Saturday, February 6, 2021

Christmas, the Pandemic Year

Christmas At My Tutu’s House

I cannot separate out my memories of childhood Christmases from my memories of Tutu, my grandmother. And, to this day, I can easily recall the taste of the papaya that took center stage on the Christmas fruit plate. I can remember how the potato spuds poured from the box as we helped make the mashed potatoes. I can feel the cool air coming through the open lanai doors and how we would all gradually make our way from the koa wood table to the comfortable old pune’e that served as a couch. 

 

From the pune’e we would watch as my Tutu would begin her annual Christmas Day ritual of calling the relations—the older cousins and siblings who’d moved away to the mainland, all of whom knew to expect their Christmas phone call. So, when I moved away, I knew to expect the the Christmas call. 
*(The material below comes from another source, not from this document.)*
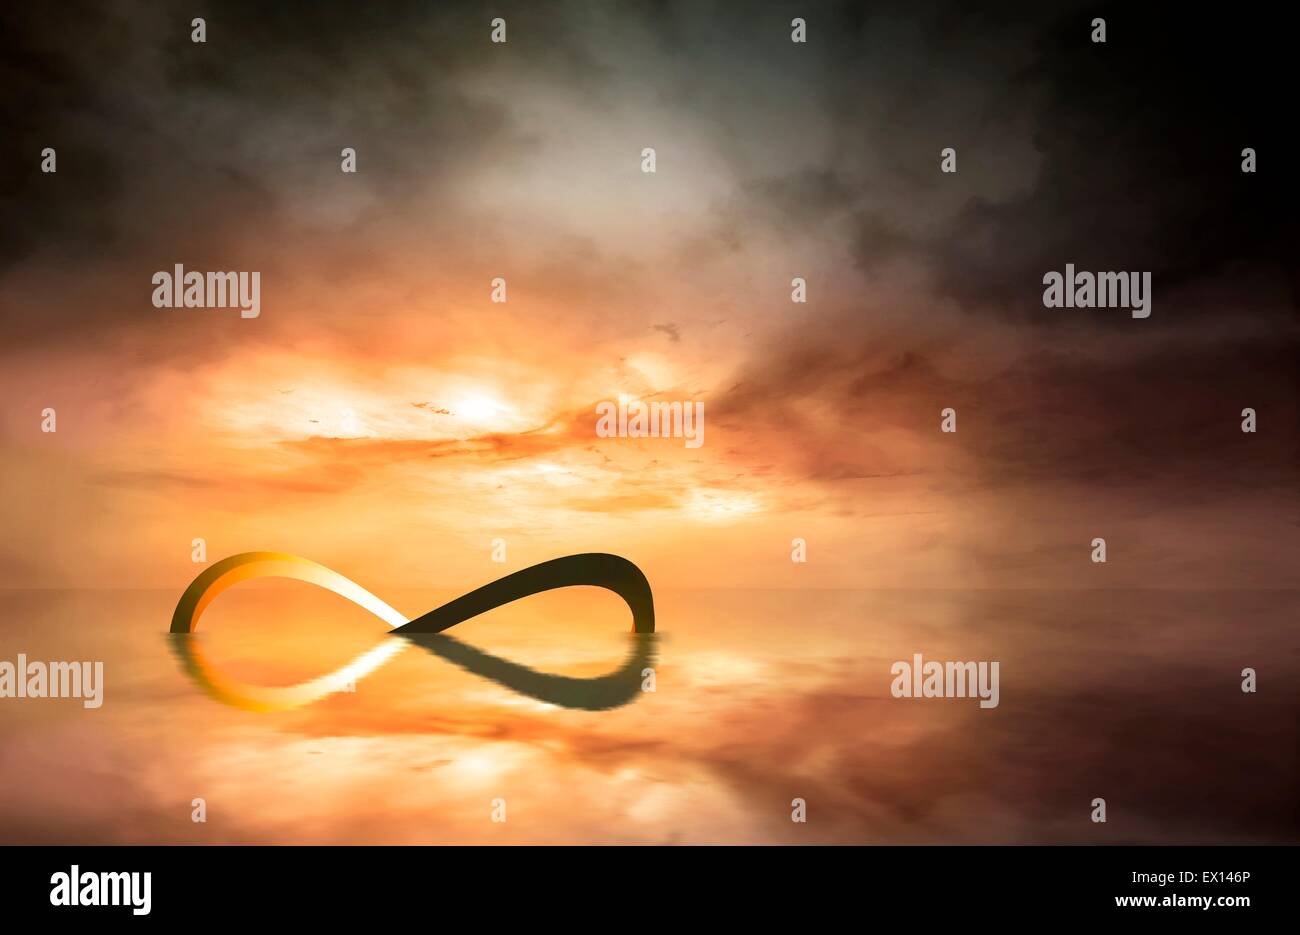 Boucle infini vu dans une mer infinie artwork Ce symbole représente le concept mathématique d'une infinie ou non bornés Banque D'Images

And, when she called, I knew exactly where she was in her house—standing at the counter next to the phone with it’s coiled cord, swaying to her own music, wearing her robe against the chill of morning. On the counter there was a notepad for taking messages, a basket of Christmas cards, a cup of pencils and a ring of family photos, slowly yellowing with time. The Christmas call, that instantly invoked a yearning for the Christmas of my childhood. 

 

I would pick up the phone. And before I could say “hello”, she’d begin to sing,

 

Mele Kalikimaka is the thing to say…

 

On a bright Hawaiian Christmas Day.

 

That’s the island greeting that I send to you, from the land where palm trees sway!

 

I would laugh as she sang out the notes of the Bing Crosby gem —notable only for the nostalgia it invoked for old Hawai’i and Christmases long past. 

 

Needless to say, this Christmas bears little resemblance to my childhood Christmas. The weather, of course, but also the losses and gains that mean that the table I sit at now, looks nothing like the table of my childhood. This year, many of us are sitting at tables with empty spaces, and just as I yearn for my grandmother’s voice and the comforts of childhood Christmases—many of us yearn for the long ago and far away of a be-storied past. 

 

Long ago, and far away. Already, but not yet. Here and there and what might be. Is it any wonder that so many struggle in this season? But in the midst of the struggle, I find it helpful to explore the yearnings for the past—because in my explorations, I can appreciate more deeply, the why of our traditions and our expectations. 

 

What I have discovered, for myself is that at Christmastime I long to revisit that sense of care. The sense that I had in my Tutu’s home that everything was taken care of, but more importantly I was taken care of. As I consider the plates and silver that accompanied our menu, the same menu every year, I developed a sense of being connected to a lineage beyond myself. Then, in the feasting and the carefully wrapped gifts, came a sense of abundance. A sense that someone cared about what I wanted and wanted to please me. I remember as well that sense, of wonder and excitement, of anticipation for what might be and the impossibility of Santa Claus’ journey. Then, less wonderful but perhaps even more important, I think of the sense of urgency that Christmas can bring. Of the need to get ready for the inevitable arrival of a day that no tragedy, grief, pain, anguish, or despair, can forestall. No matter how many times your heart or your body has broken, Christmas will come. 

 

Christmas has come, Christmas is here. In the midst of our messy, upside down, lives, regardless of what we can or cannot do in this particular year, Jesus is born into this world. And, that brings an amazing sense of comfort to me. A sense that no matter what we do, or fail to do. No matter what evil is in the world. No matter how far we have fallen. No matter. God’s love for us remains unhindered. God’s love for us shows up. God’s love draws near. 

 

Not through an unobtainable figure of greatness, but in the incarnate, in the flesh, form of a baby. The word that bespoke creation, the word that brings good news, the word become a new creation of flesh. 

 

The word, across thousands of miles and thousands of years, that rings out to tell us that we are loved. 

 

As we are, wherever we are, no matter where we’ve gone or where we’re going, we are loved. 

 

There is no returning to the Christmas’ of my childhood. But, the flavor of them remains on my tongue and I cherish the image of the coiled phone cord, my Tutu’s robes, and the sound of her voice as it brought me the word I needed to hear. 

 

Now, take a moment, who has spoken the words that you need to hear?